Files
cve-dashboard/.kiro/specs/compliance-schema-drift-check/design.md

16 KiB
Raw Blame History

Design Document: Compliance Schema Drift Check

Overview

This feature adds schema drift detection to the compliance xlsx upload flow. When a user uploads a weekly NTS_AEO report, the backend extracts the xlsx structural schema (sheet names, column headers, metric values) and compares it against a shared parser configuration file. The comparison produces a categorised drift report with three severity levels: breaking (blocks upload), silent-miss (warns but allows proceeding), and cosmetic (informational).

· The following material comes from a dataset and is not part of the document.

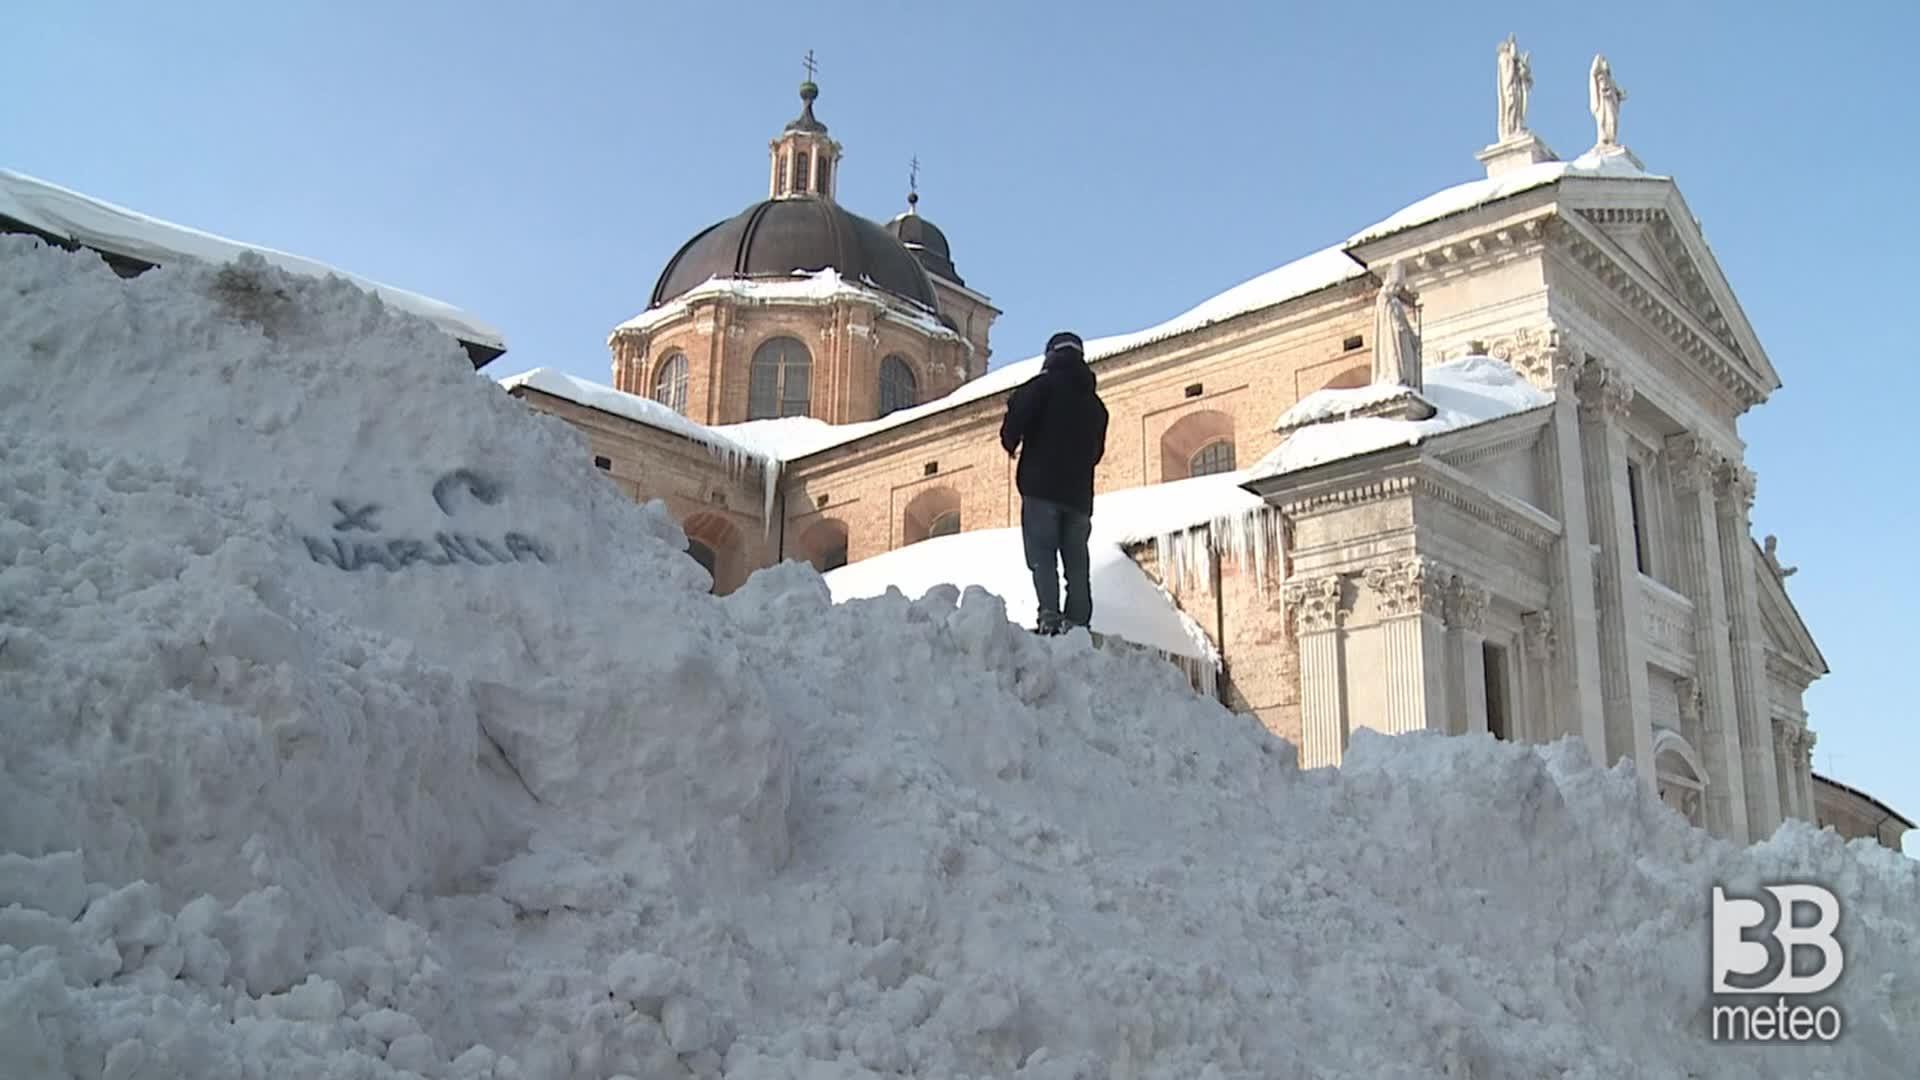 2012, Urbino sommersa dalla neve: i giorni dell'emergenza
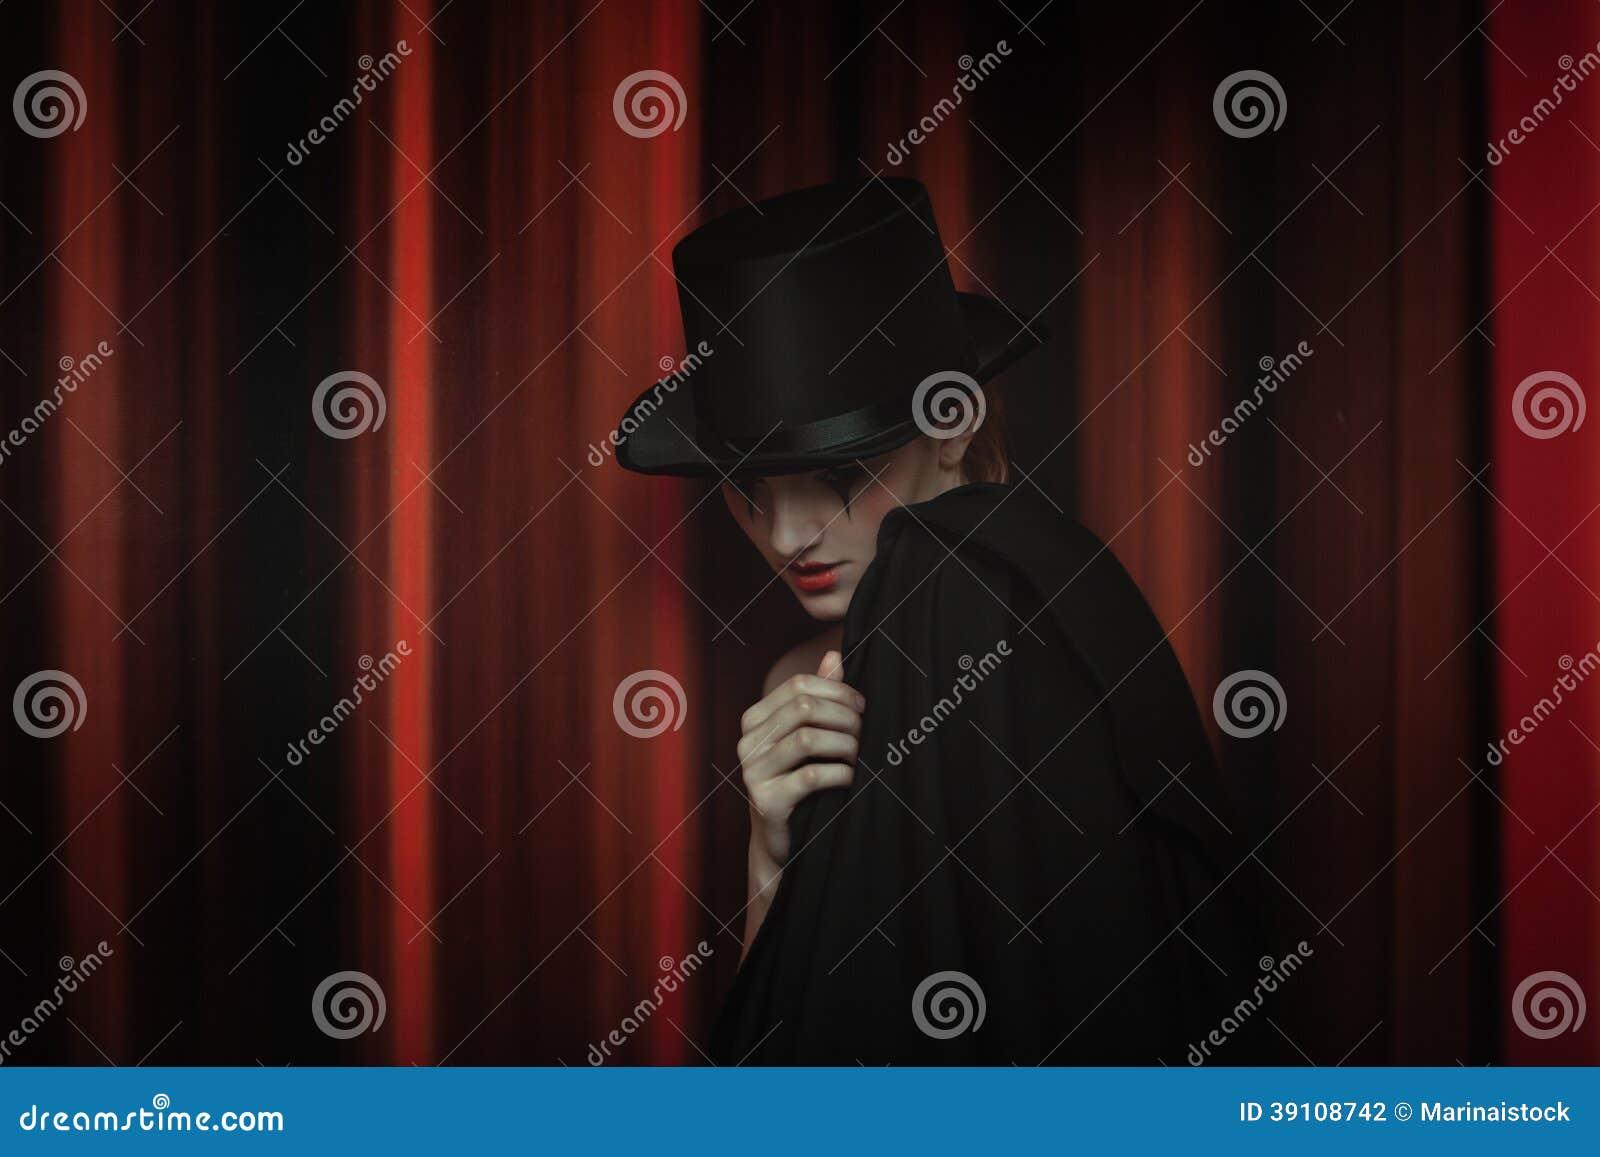 Manier in theater. Drama

The frontend displays these findings in a new drift review phase inside the upload modal, inserted between the upload spinner and the existing diff preview.

The parser configuration dicts (METRIC_CATEGORIES, CORE_COLS, SKIP_SHEETS) currently defined inline in parse_compliance_xlsx.py are extracted into a shared JSON file (backend/scripts/compliance_config.json) that both the Python parser and the Node.js drift checker read. This establishes a single source of truth for parser configuration.

Design Decisions

  1. Shared JSON config over database storage: The parser config is a developer-maintained mapping, not user data. A JSON file is version-controllable, diffable, and readable by both Python and Node.js without additional dependencies.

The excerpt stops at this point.